#### What this task involves
Leave the pictures out. Retype exactly the lines below from the one containing "Package delivery services" through the one containing "DIY Homemade Pillowcase Face Masks", and no others.

#### Source material

Segment Open

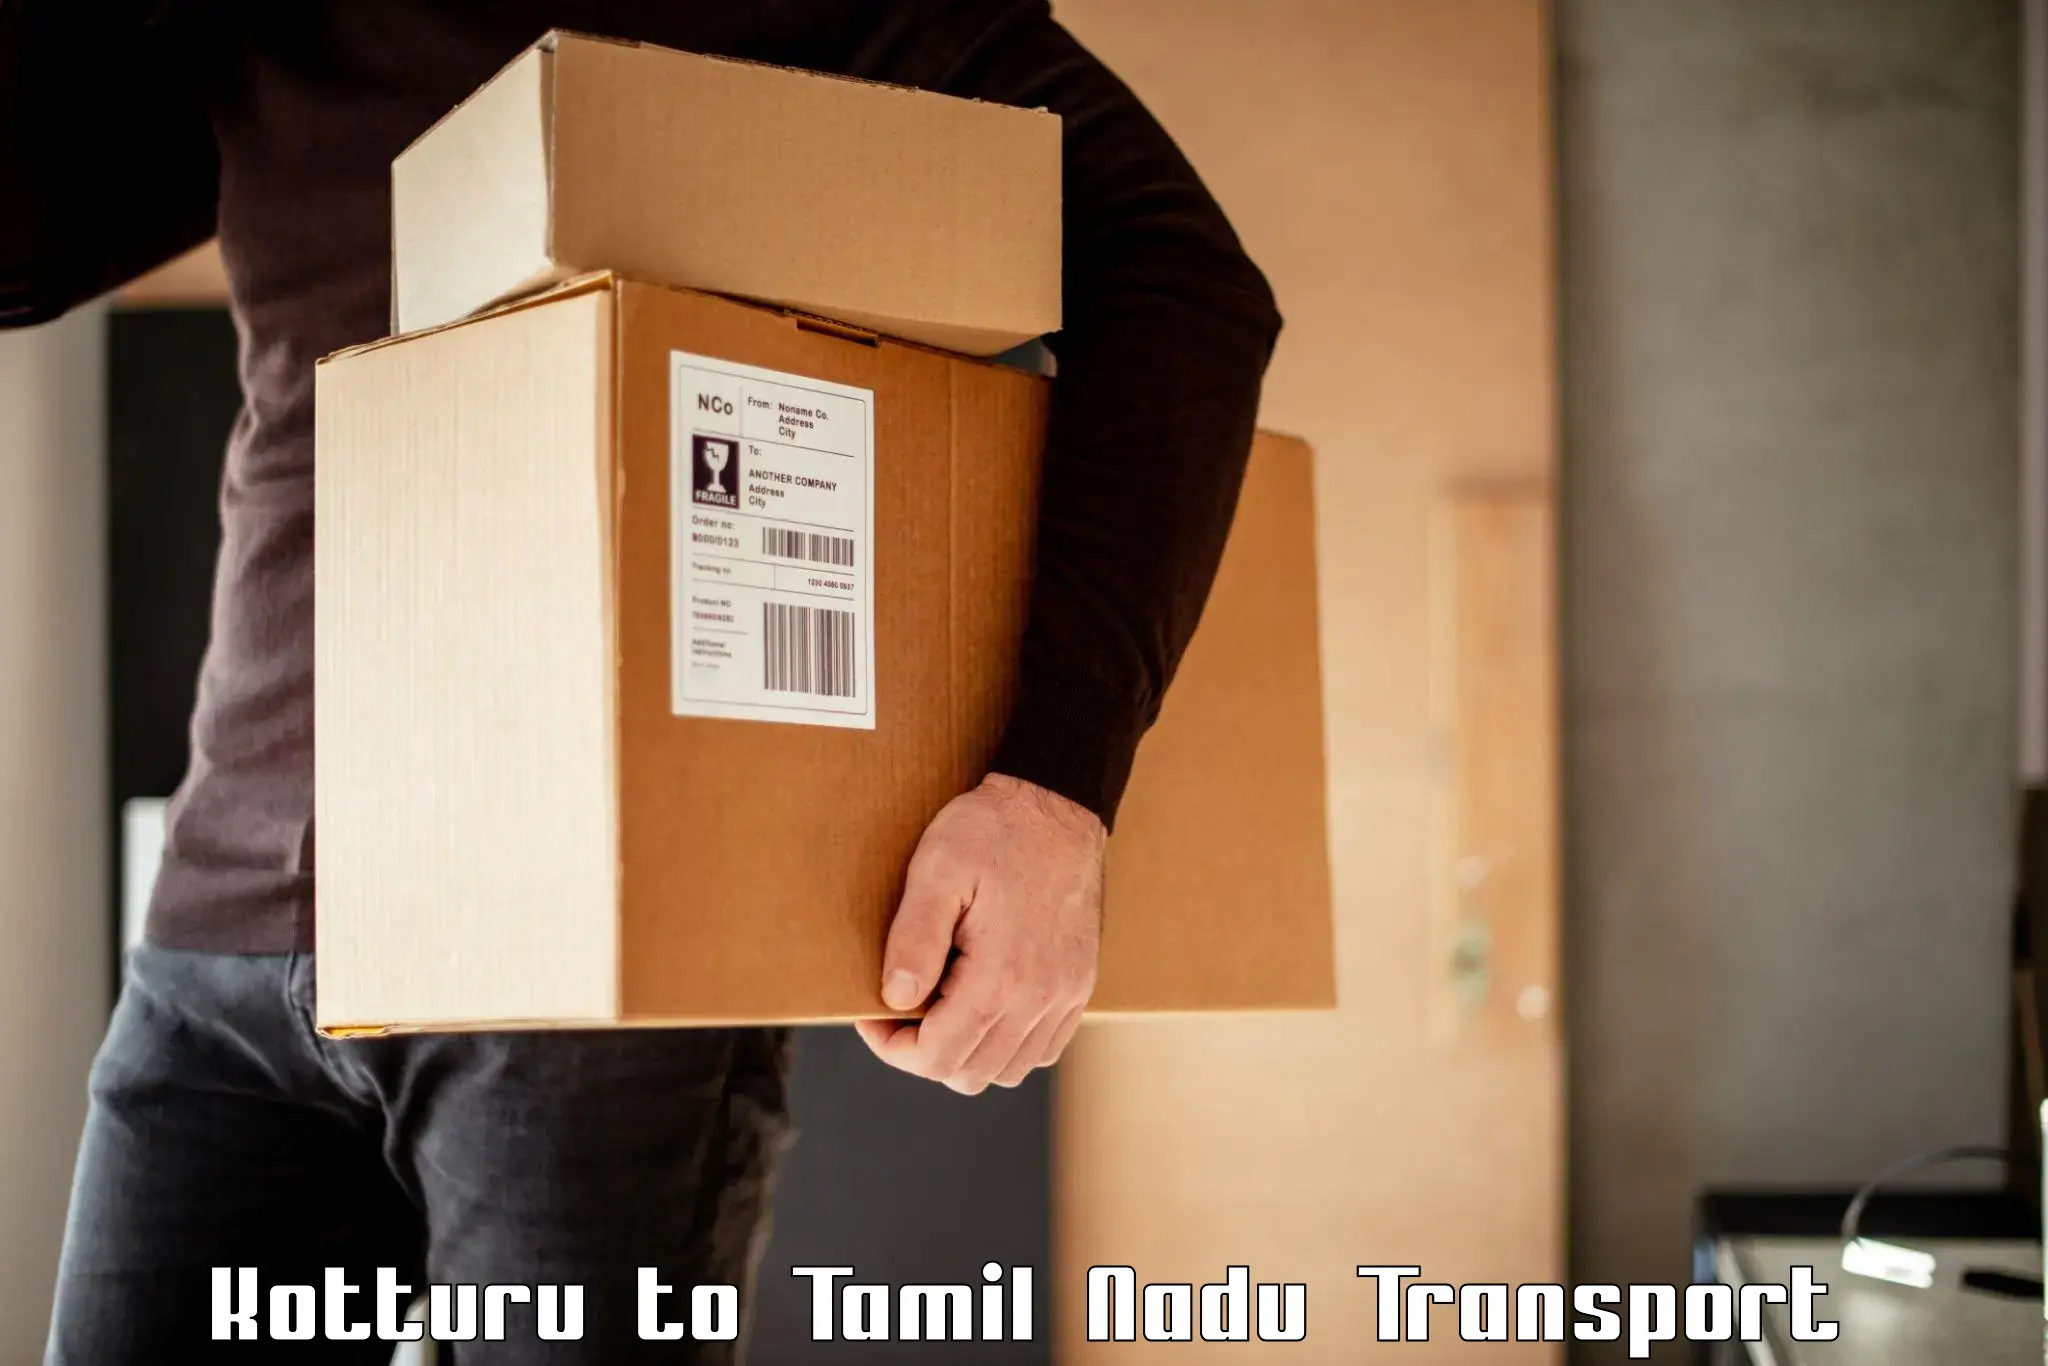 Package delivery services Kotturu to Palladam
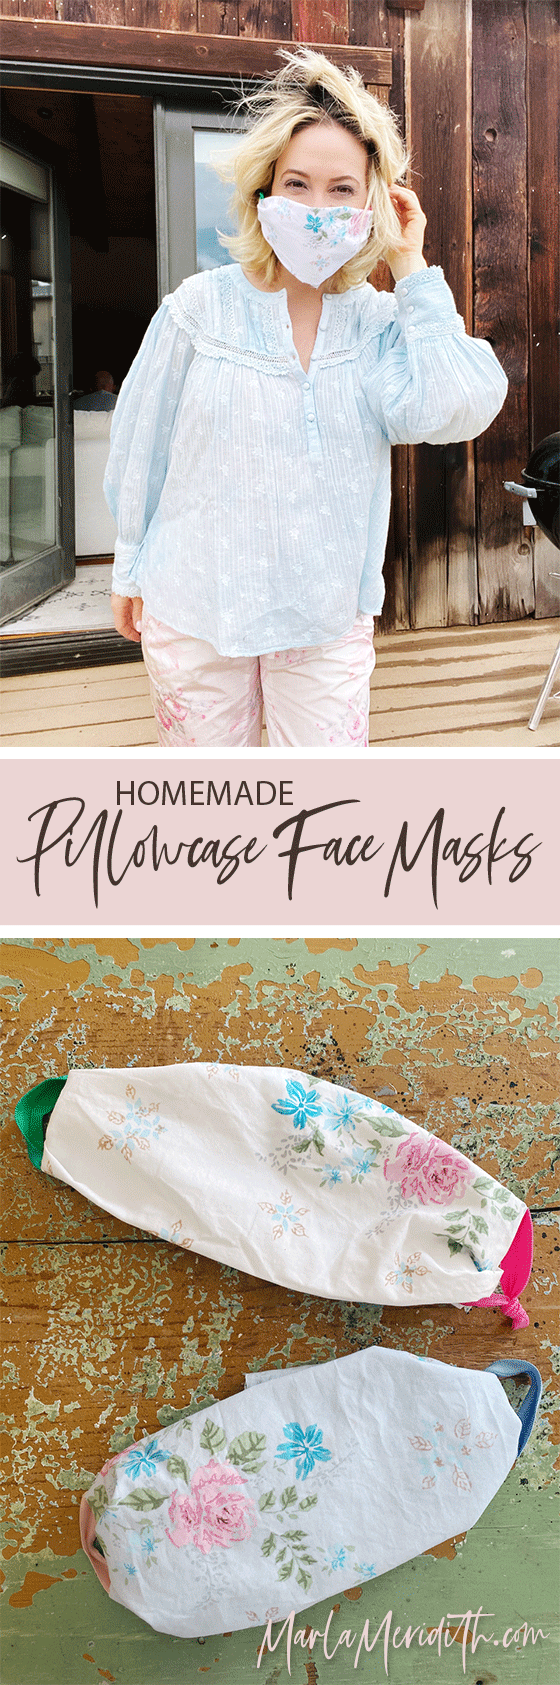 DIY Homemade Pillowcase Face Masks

Segment Closed
Segment Open

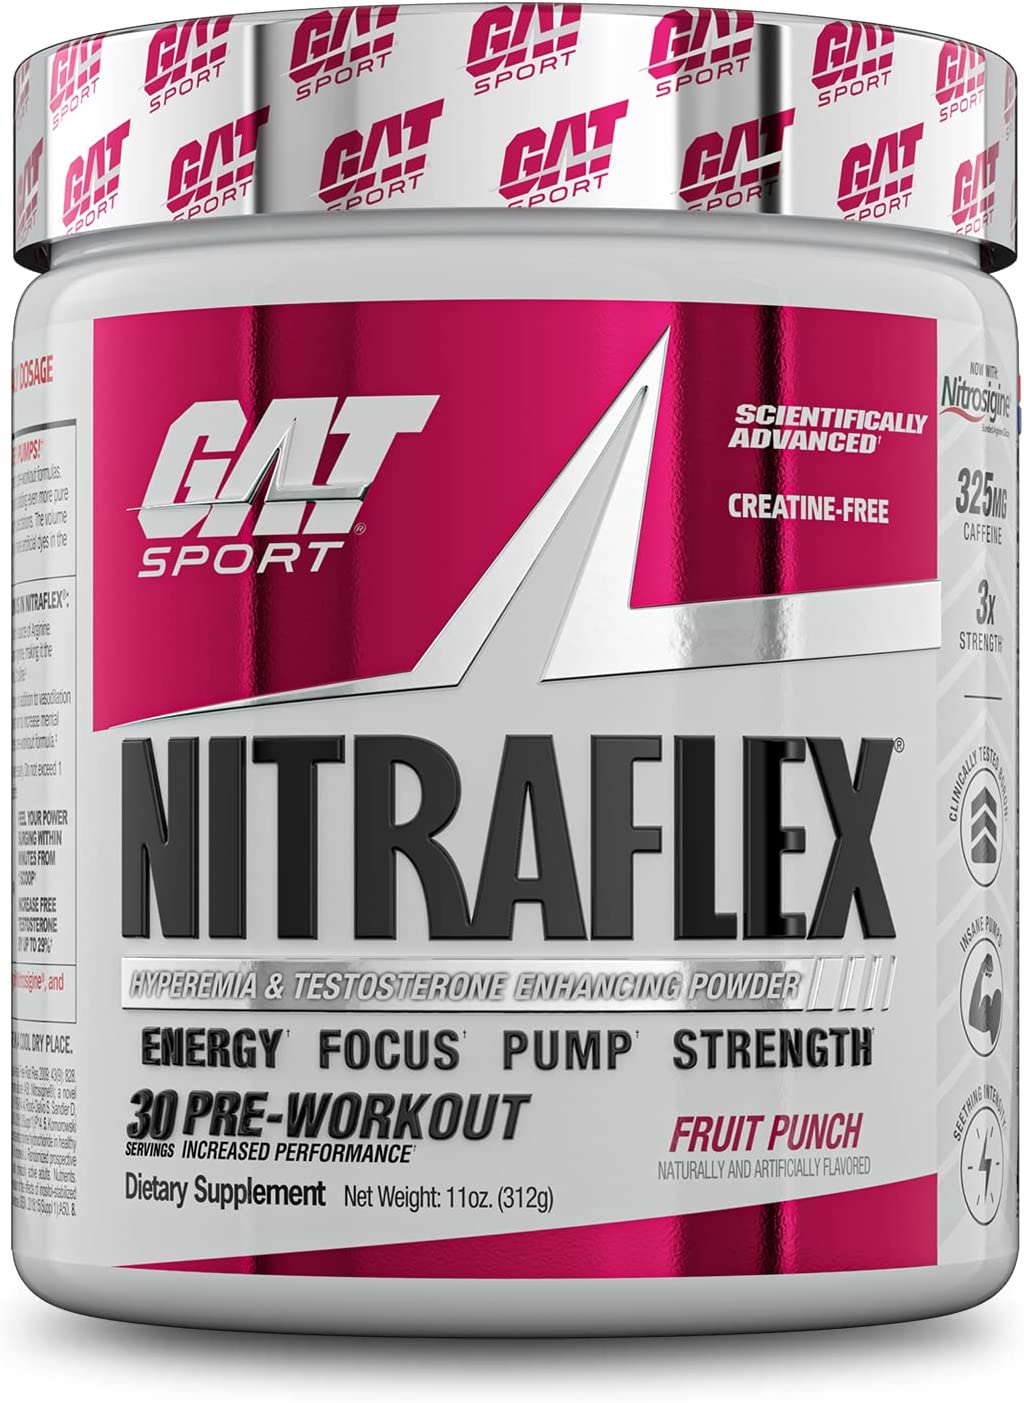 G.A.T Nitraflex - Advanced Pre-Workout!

Segment Closed

#### Task response
 Package delivery services Kotturu to Palladam
 DIY Homemade Pillowcase Face Masks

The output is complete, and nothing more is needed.